## RECORDS TO USE

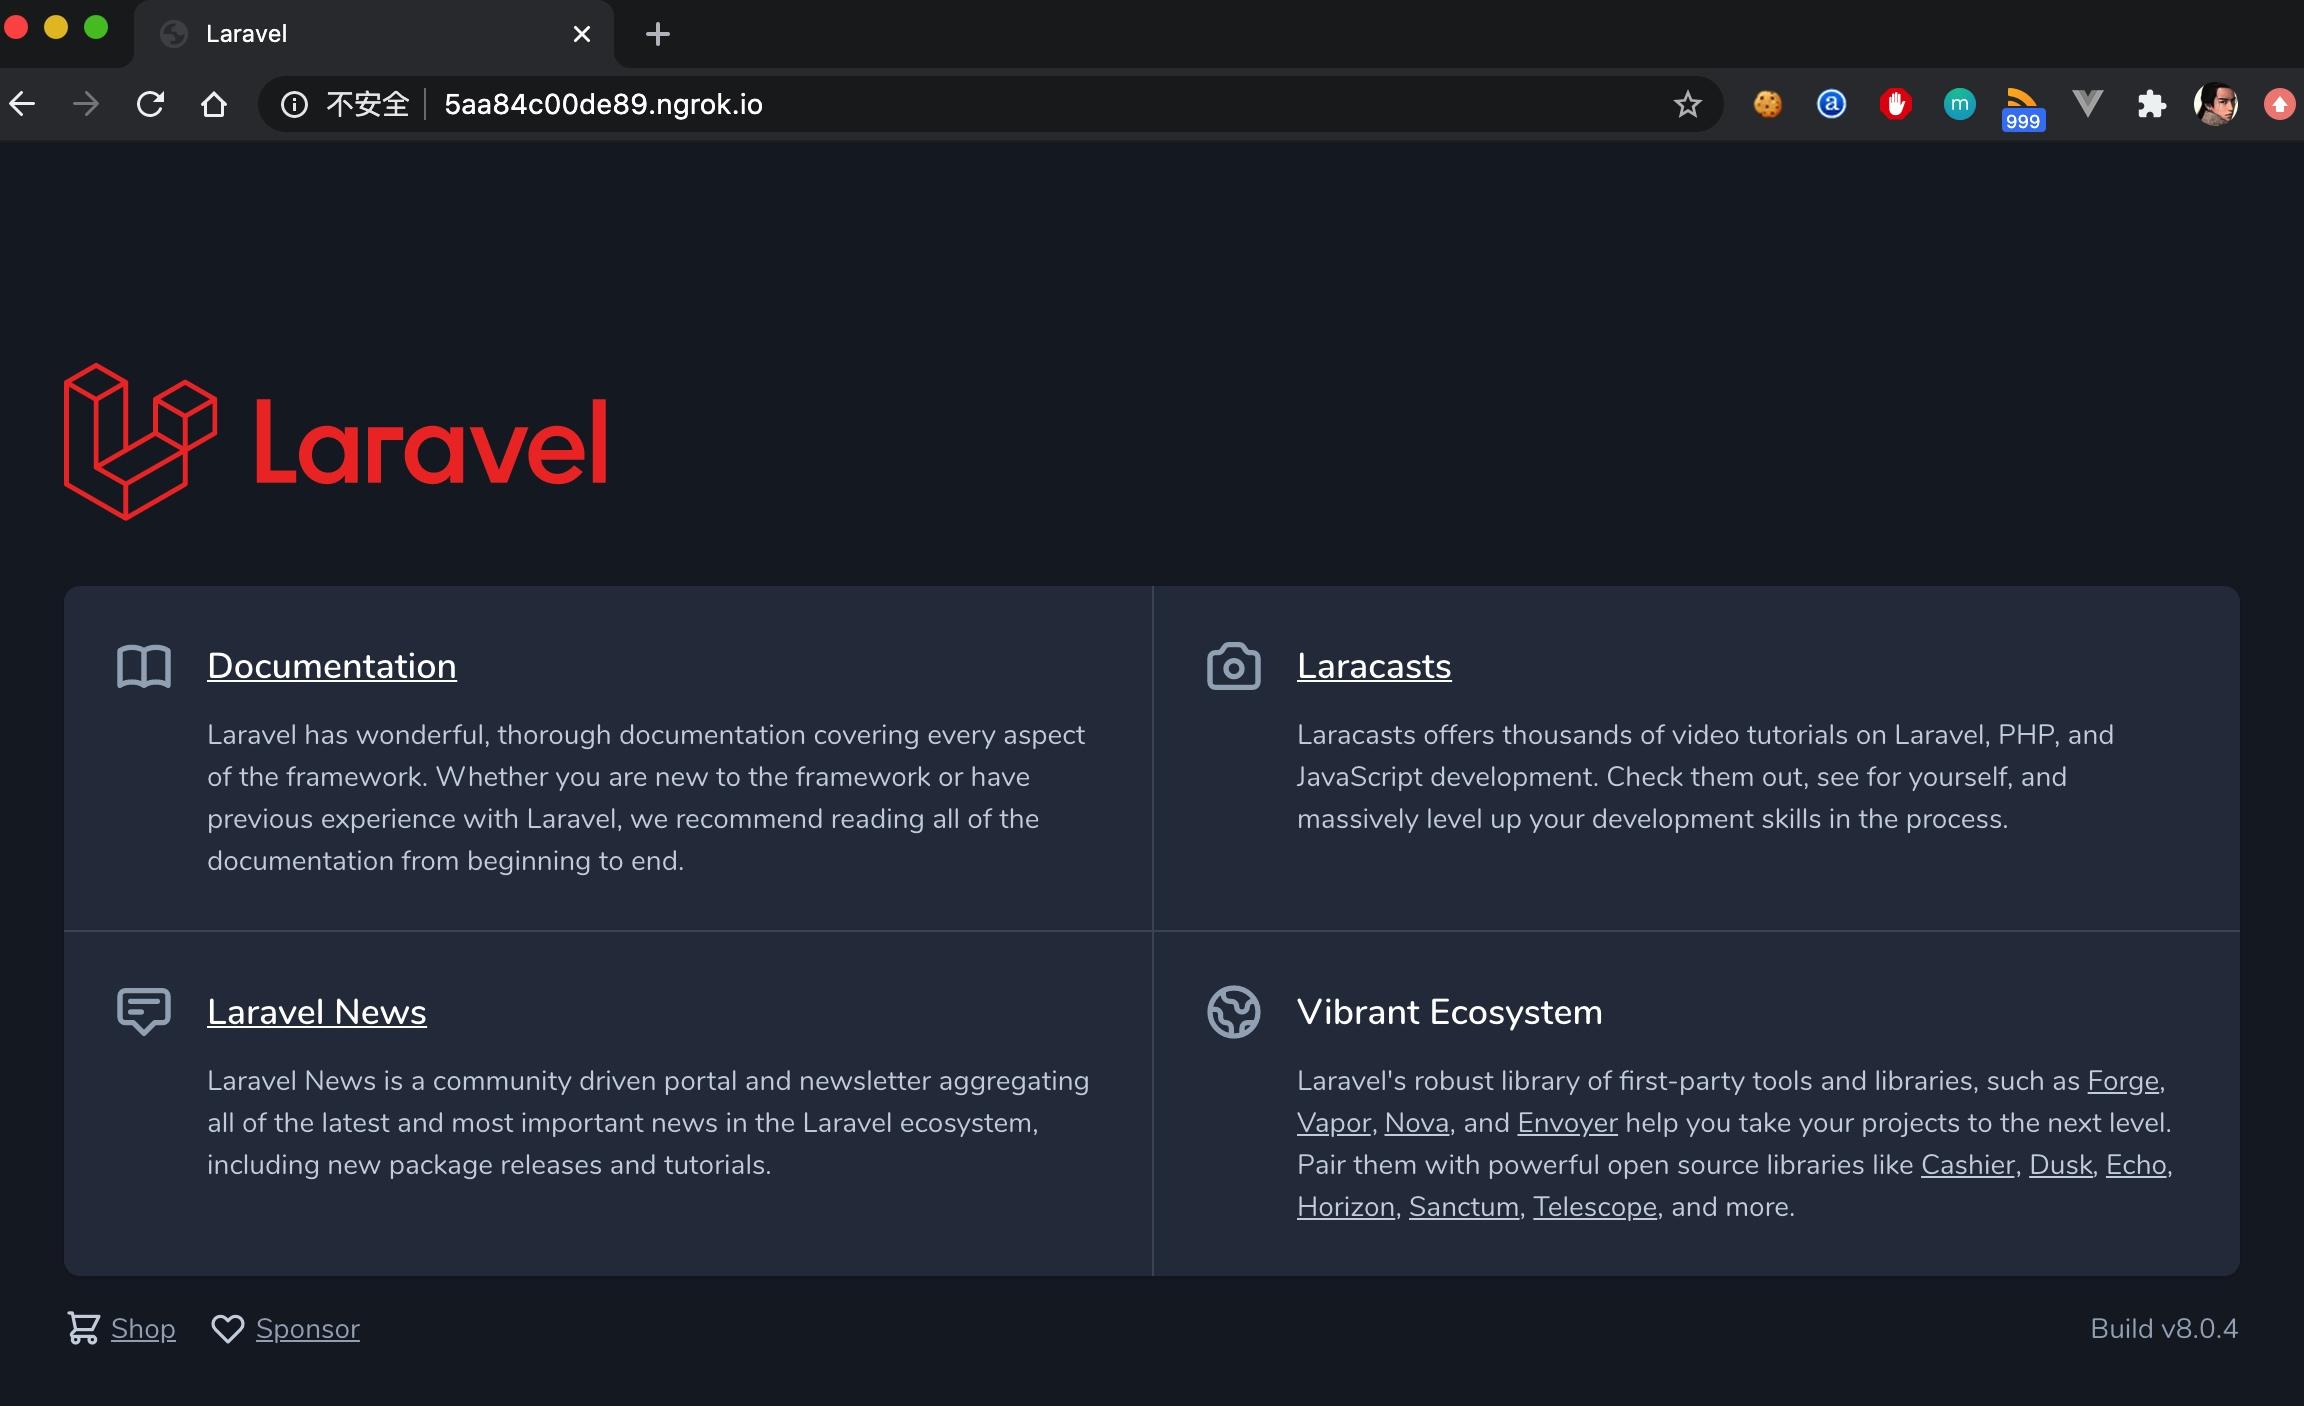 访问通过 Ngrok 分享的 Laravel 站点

--

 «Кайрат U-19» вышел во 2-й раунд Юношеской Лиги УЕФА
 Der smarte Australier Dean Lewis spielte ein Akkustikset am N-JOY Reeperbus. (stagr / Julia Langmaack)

## INSTRUCTIONS TO FOLLOW
In the listing above, locate the line containing "Юношеской Лиги УЕФА" and the line containing "Der smarte Australier", then transcribe both and every line between them verbatim.

## ANSWER TO THE EXERCISE
 «Кайрат U-19» вышел во 2-й раунд Юношеской Лиги УЕФА
 Der smarte Australier Dean Lewis spielte ein Akkustikset am N-JOY Reeperbus. (stagr / Julia Langmaack)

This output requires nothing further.